-
Notifications
You must be signed in to change notification settings - Fork 5.4k
Description
Problem Statement
Hive's core value proposition is a self-healing, self-improving agent loop. The README describes it as:
"When things break, the framework captures failure data, evolves the agent through the coding agent, and redeploys."
However, the Failure Recording mechanism is explicitly unbuilt (docs/roadmap.md, Eval System section):
- Failure capture mechanism
- Failure analysis tools
- Historical failure tracking
- Continuous improvement loop
Without this, the evolution cycle has no structured input to learn from. The Queen/coding agent triggers graph evolution reactively but has no programmatic access to historical failure patterns. Each evolution cycle essentially starts blind, with no memory of what failed before or what fixes were already attempted.
This means the "self-improving" loop described in the README is currently dependent on ad-hoc recovery rather than structured feedback, which undermines the framework's core reliability guarantee.
Proposed Solution
Implement a FailureStore that integrates with the existing storage patterns (session_store.py, checkpoint_store.py) to capture structured failure data at the point of node failure.
A minimal FailureRecord could look like:
@DataClass
class FailureRecord:
session_id: str
agent_id: str
node_id: str
timestamp: datetime
error_type: str
error_message: str
graph_snapshot: dict # state of graph at time of failure
input_context: dict # what the node received
evolution_triggered: bool # did this cause a graph evolution?
resolution: Optional[str] # what fix was applied, if any
The Queen/coding agent would query FailureStore before triggering graph evolution, enabling pattern-aware improvements rather than blind retries. This also directly unblocks the roadmap items for Custom Failure Conditions SDK and the Continuous Improvement Loop.
Alternatives Considered
-
Extending the existing runtime logger (runtime/runtime_logger.py) - rejected because logs are text-based and not queryable by the Queen agent in a structured way. Logs are for humans while failure records are for the evolution engine.
-
Using the checkpoint system alone (storage/checkpoint_store.py) - rejected because checkpoints capture state snapshots but not failure semantics (error type, resolution, whether evolution was triggered). Both can coexist.
-
External observability tools (e.g.
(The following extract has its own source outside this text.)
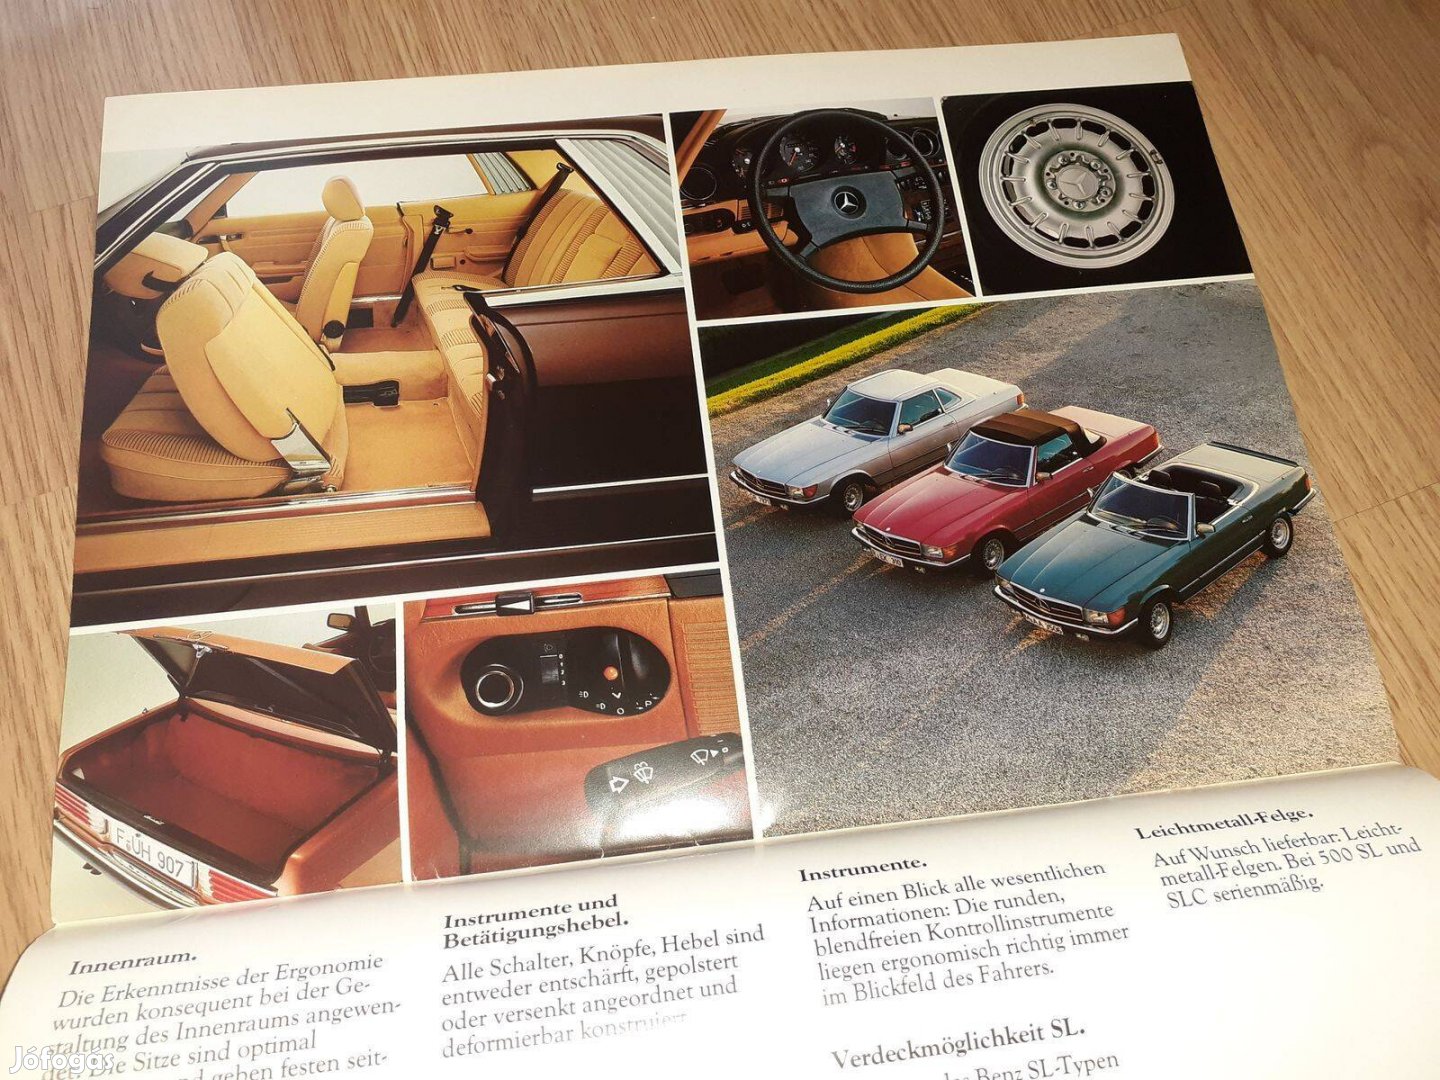 Mercedes Személygépkocsik prospektus - 1981, német nyelvű

Sentry, Datadog) - rejected as a primary solution because Hive is self-hostable and should not depend on third-party services for its core self-healing loop.
Additional Context
This gap affects both product integrity and developer trust:
- Developers building production agents have no way to audit why an agent evolved the way it did
- Repeated failures of the same type cannot be detected or prevented without historical tracking
- The roadmap's Continuous Improvement Loop item is directly blocked by this missing foundation
Relevant roadmap items this would unblock:
- Failure capture mechanism
- Failure analysis tools
- Historical failure tracking
- Continuous improvement loop
- Custom Failure Conditions SDK
Implementation Ideas
- Create storage/failure_store.py following the same async patterns as storage/checkpoint_store.py
- Hook into graph/executor.py at the point where ExecutionResult returns an error status, capture the FailureRecord there
- Expose a query interface so the Queen/coding agent (agents/hive_coder/) can retrieve recent failures for a given agent_id before deciding on evolution strategy
- Add a failure_count and last_failure_at field to the existing SharedState so nodes can self-check before retrying
- Wire into the existing L2/L3 runtime logging levels so failure records are also reflected in human-readable logs
This is intentionally minimal — the goal is to close the feedback loop first, with richer analysis tools built on top.